Art was far and away my best subject at school. This did not mean much as I was awful at pretty well everything else! It was also a long time ago, a time when my school considered art not an “academic” subject and so there were no “O” levels or “A” levels to be worked for and work did not appeal at that time. Yes I could and probably should have changed schools but I don’t intend going the “if only” route. Suffice to say I had other things on my mind at that age and by the time I was made to realise by someone I respected enormously that to get anywhere you had to graft, I was in my early twenties and already committed to the business world. This period however, left two lasting sentiments; firstly, despite my regular, maximum marks for my art homework the end of term mark, which was based on homework, was always lower than those not sitting at the back of the class with the lads as I did. The second was a portrait of my hero, Bobby Moore I produced then. I still have it now somewhere and still think it wasn’t bad for a teenager.

This is not intended to be a biography so fast forward to the time approaching my recent retirement. I worked for an excellent company that has a programme of preparing people for retirement. Having already taken up watercolours in a small way, I took funding for an art course and I selected the London Art College’s Pet Portraits Course which would combine my love of animals and my increasingly dominant hobby of art. I had, by this time, sold one or two landscapes but nothing of the volume or value to even consider changing my ‘amateur’ tag. Other hobbies in fact tied in nicely. Music I could listen too while painting and archaeology for which I was getting a little old for the physical demands of digging, although it had given me my fifteen minutes of fame when I found the remains of a stone age baby at Chedworth Roman Villa.

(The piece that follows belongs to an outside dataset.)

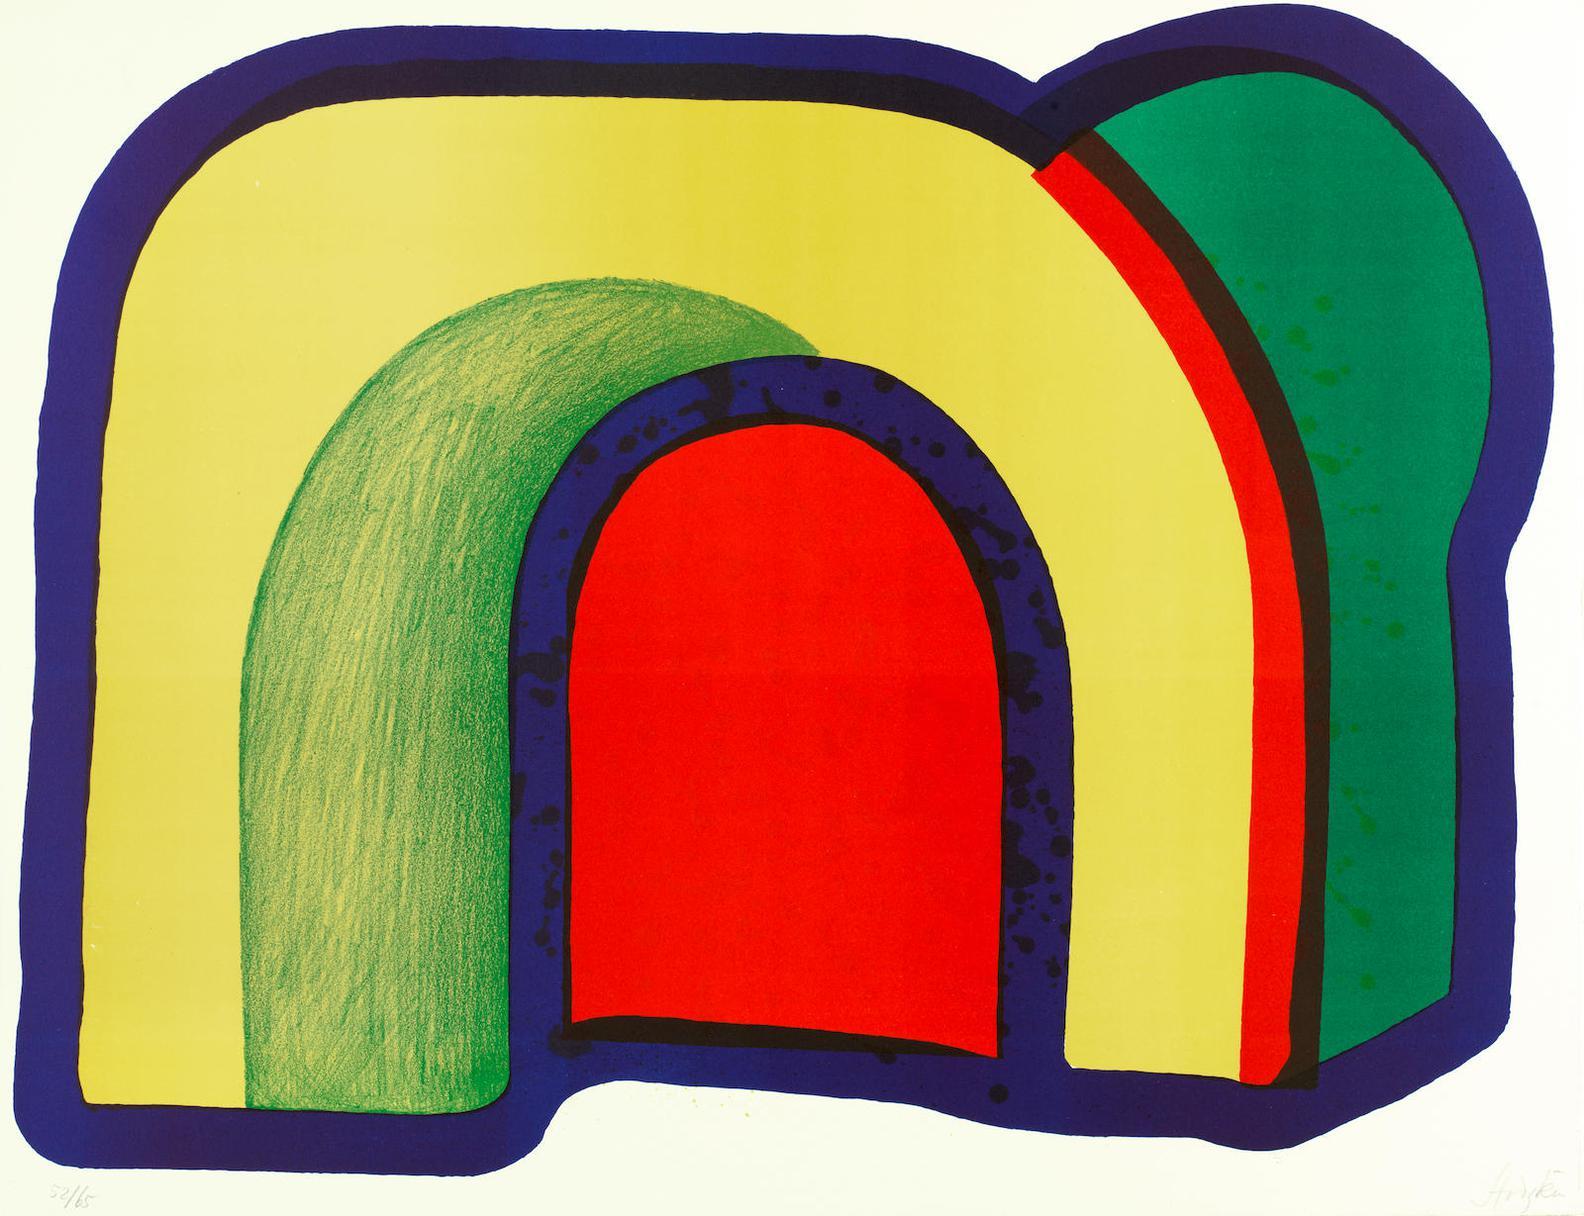 Howard Hodgkin-Composition With Red (Also Called Arch), From 'Europaische Graphik Vii. Englische Kunstler'-1970

I found the Pet Portraits course interesting and enjoyable, however I was becoming very frustrated with the work I produced. Remembering all the advice from art instructional books about ‘keeping it loose’ and ‘letting it flow’ I was doing ok, but not to the sort of level desired. Then two things happened virtually at the same time. Firstly my domestic situation changed requiring my return to full time employment, the second and most relevant point was a huge “eureka” moment and it was Bobby Moore who helped. Although he had sadly passed away by this stage I decided to do one exercise in the same ‘style’ as that used to create his portrait, taking my time and going into great detail using graphite pencil, noting fur direction and facial contours. The result was the basset hound which you can see below. Ok this will not win Artist of the Year but it was enough to convince me to concentrate on character and detail.

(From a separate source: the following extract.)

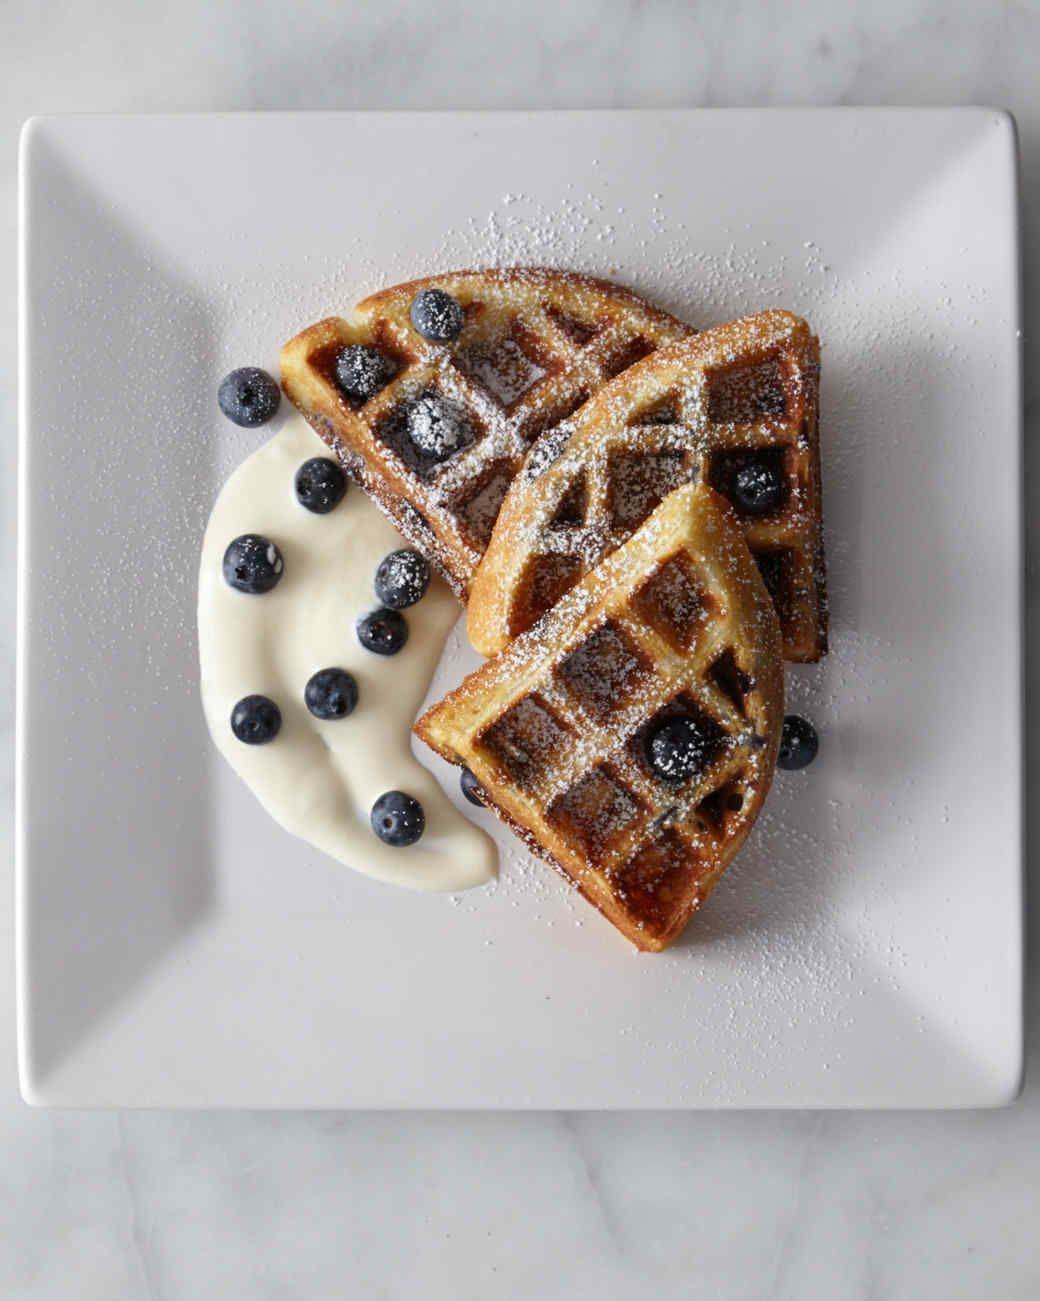 Blueberry Buttermilk Waffles Waffle Recipes Fun Baking Recipes Waffle Toppings

Due mostly to work commitments I was unable to sufficiently advance in my chosen style until actual retirement came along and I started painting again, in graphite mostly and re-visiting the style I had chosen, although I was still very conscious of the seemingly constant message of ‘keeping it loose’. At this point my elder daughter inadvertently had a huge influence on what is increasingly becoming a new career. Her future mother in law has a wonderful caring dog through Canine Partners. If you haven’t seen one of these dogs in action it is worth putting yourself out to do so, they are wonderful. Well, the subject of a lasting memento of the dog came up and my daughter, in the type of fatherly love that is so blind to reality, volunteered my services – thanks Abi! I have never before had the responsibility of producing a portrait with sufficient accuracy to please the client and was very nervous about the outcome. By this stage my daughters had left home and I lived alone with my Labradors and had time to give the project my full attention. After and great deal of attention to detail as well as time, I produced the picture and nervously handed it to my son in law to deliver. The picture is attached with apologies for the quality of copy.


Well they loved it! Not only that but others saw it and asked for me to produce their pets in the same style. My daughters once again influenced things by suggesting I begin to charge for the service despite my own reservations about my ability and acceptability, surely no one would be interested. Well like a good Dad I did as I was told and people did indeed start to pay for portraits I produced. Not just dogs but also cats and horses and between commissions I have begun to produce wildlife portraits.

One element that I had not anticipated is the number of requests for portraits of pets that have passed away. On one occasion a gentleman requested a portrait of a spaniel that had passed away suddenly, as a Christmas present for his son. His plan was to leave it unwrapped, propped up, in the lounge. Apparently the son walked in to the lounge and burst in to tears! Although you feel for the owner in this situation, there is a certain amount of gratification to such a spontaneous reaction. On another occasion a cat portrait was assumed to be a photograph.

Not all commissions get feedback but those that do serve to increase the confidence and the desire to produce more. I no longer feel the need to be more ‘loose’, although I frequently go back to watercolour just for a bit of a change. I have been able to use my ‘style’ with coloured pencil, pastel and pastel pencil as well as graphite.

I have also discovered other artists with the same approach, the same style. The style does not lend itself to producing quick works or sketches but is none the less extremely satisfying.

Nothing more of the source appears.